DATA BELOW:
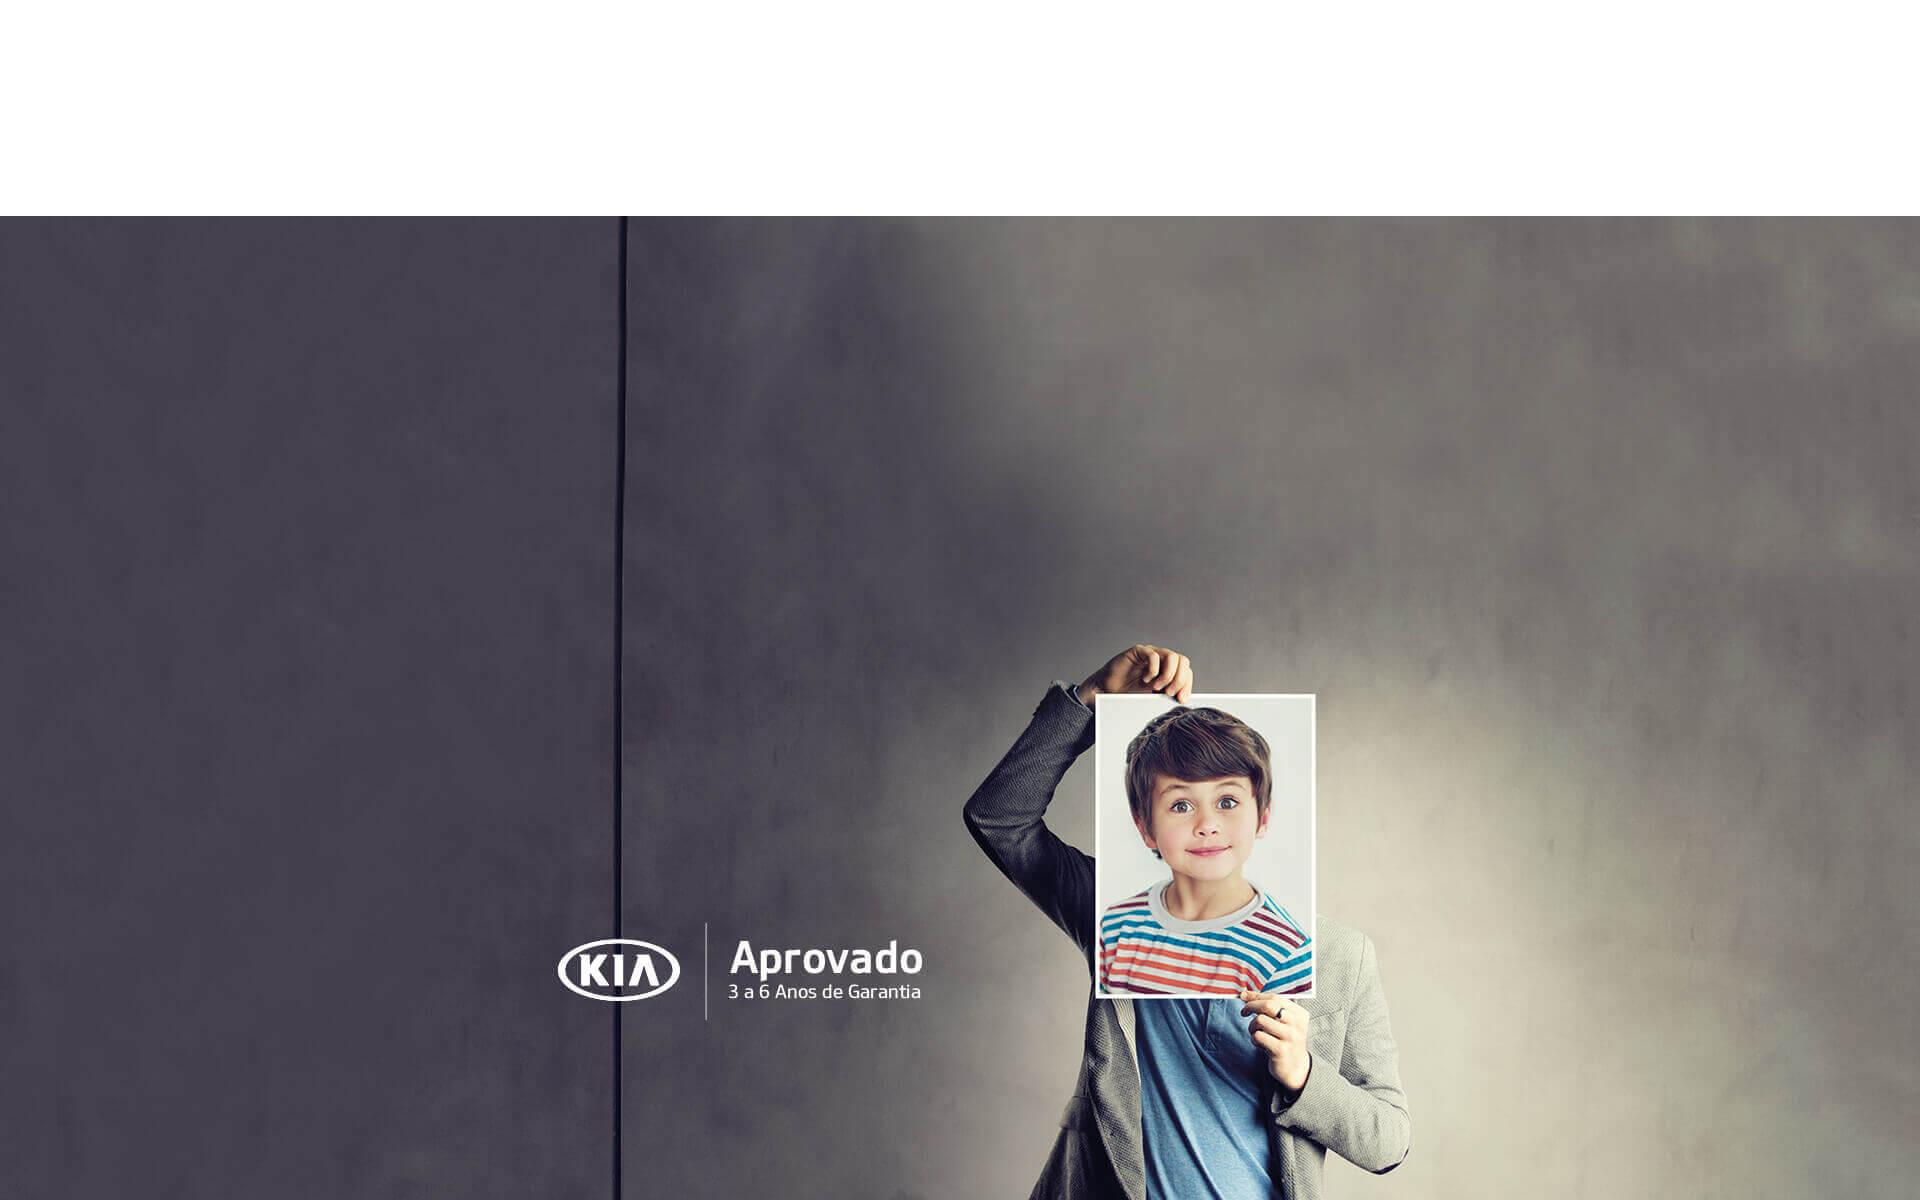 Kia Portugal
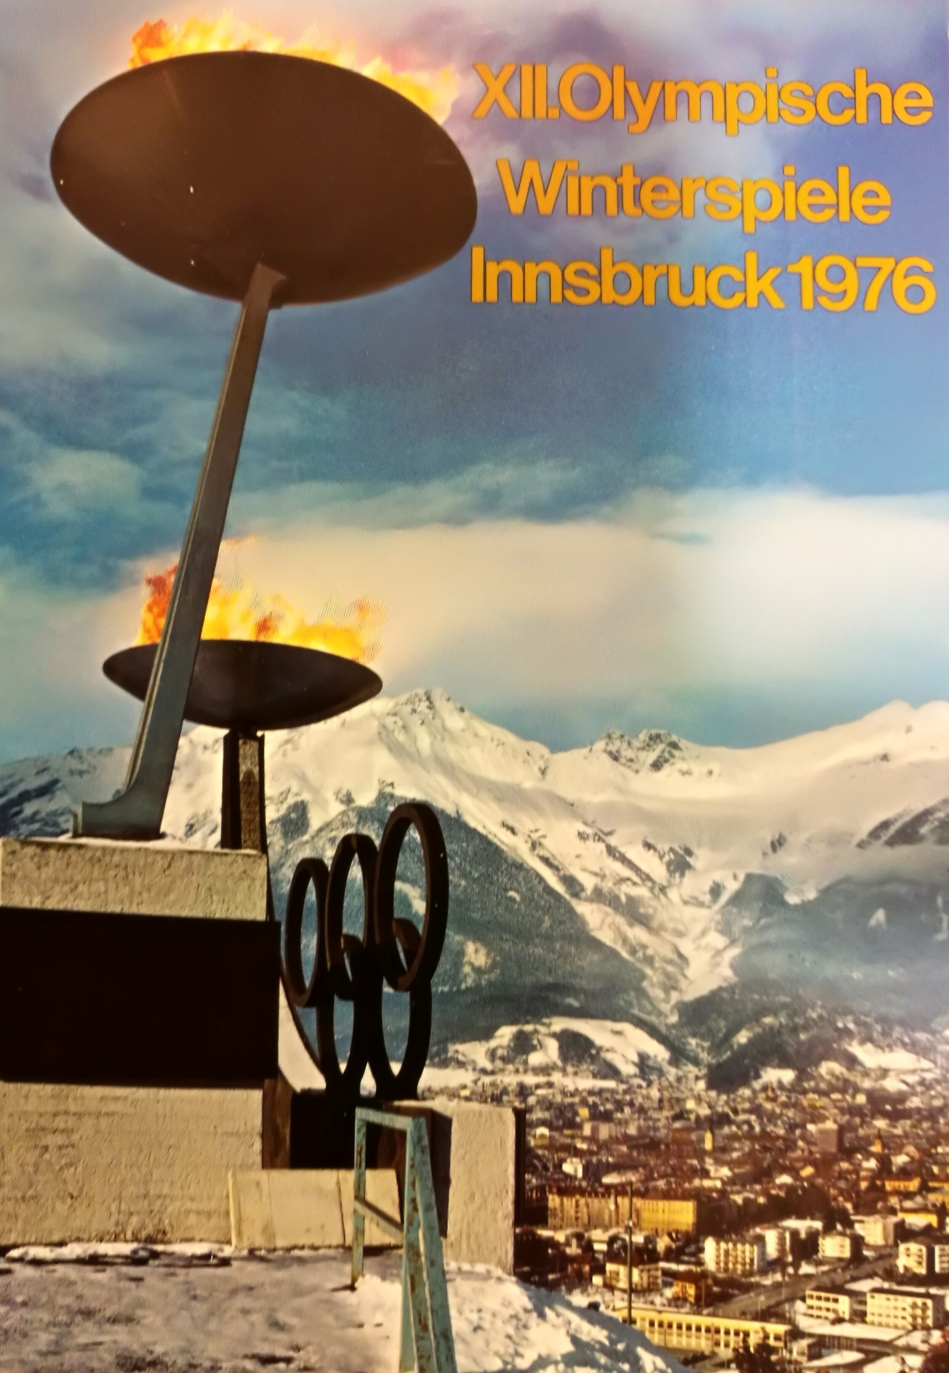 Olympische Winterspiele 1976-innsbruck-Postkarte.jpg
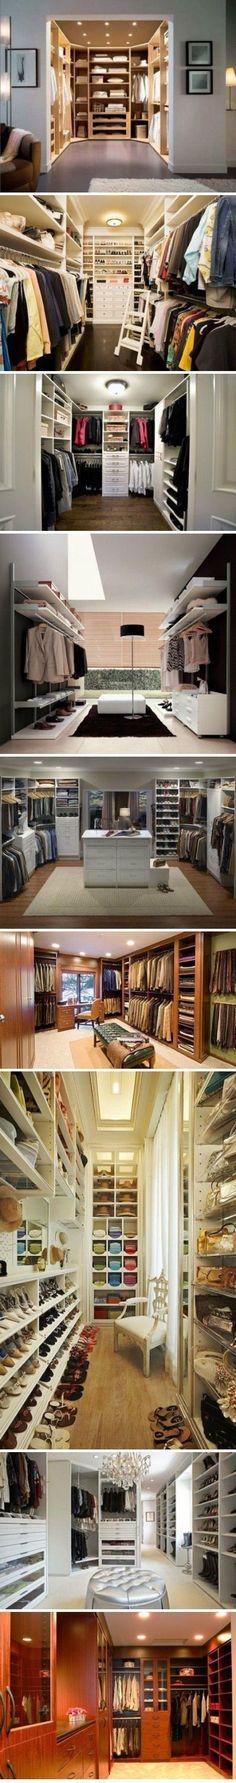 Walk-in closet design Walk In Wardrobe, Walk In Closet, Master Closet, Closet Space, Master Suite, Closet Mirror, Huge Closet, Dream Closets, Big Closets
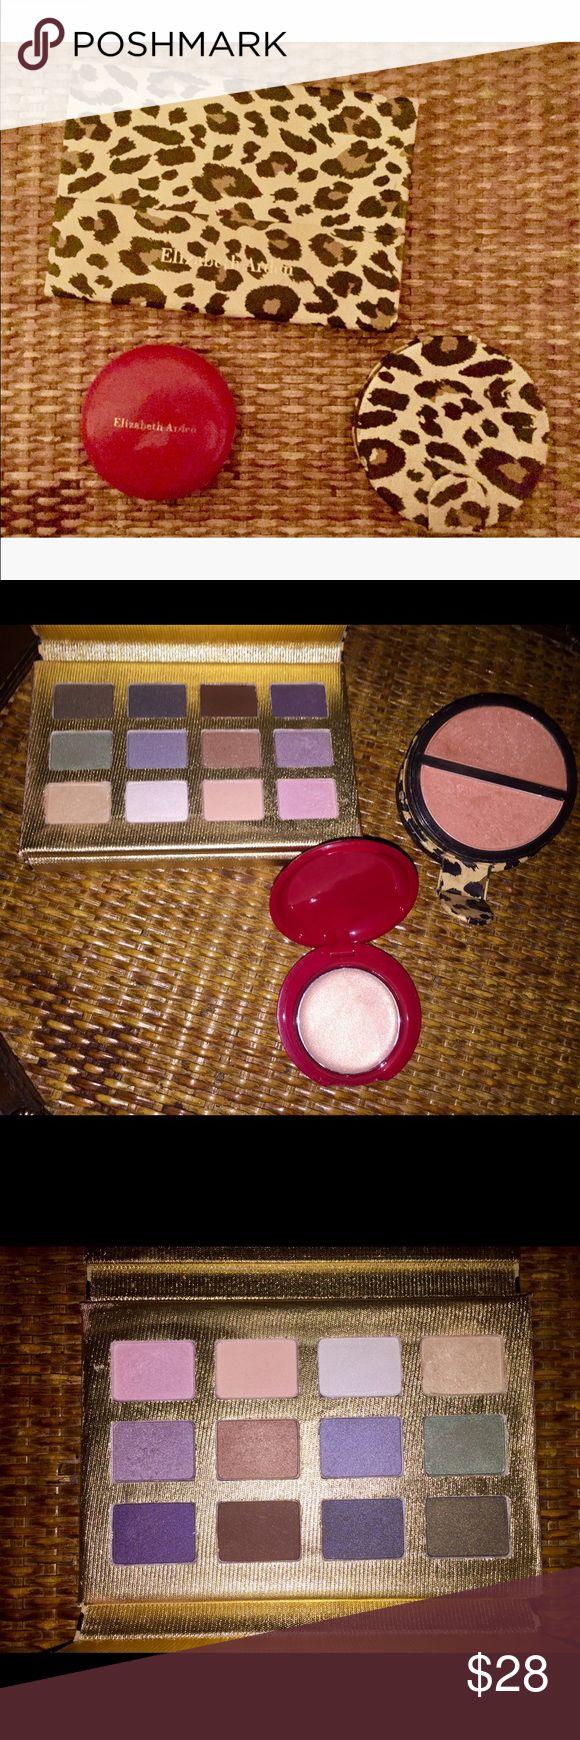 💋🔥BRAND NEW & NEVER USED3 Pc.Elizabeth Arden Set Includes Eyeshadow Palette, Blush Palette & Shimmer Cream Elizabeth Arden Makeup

TASK DIRECTIONS: The answer is every line of the data, exactly as written, with the pictures dropped.

EXERCISE OUTPUT:
 Kia Portugal
 Olympische Winterspiele 1976-innsbruck-Postkarte.jpg
 Walk-in closet design Walk In Wardrobe, Walk In Closet, Master Closet, Closet Space, Master Suite, Closet Mirror, Huge Closet, Dream Closets, Big Closets
 💋🔥BRAND NEW & NEVER USED3 Pc.Elizabeth Arden Set Includes Eyeshadow Palette, Blush Palette & Shimmer Cream Elizabeth Arden Makeup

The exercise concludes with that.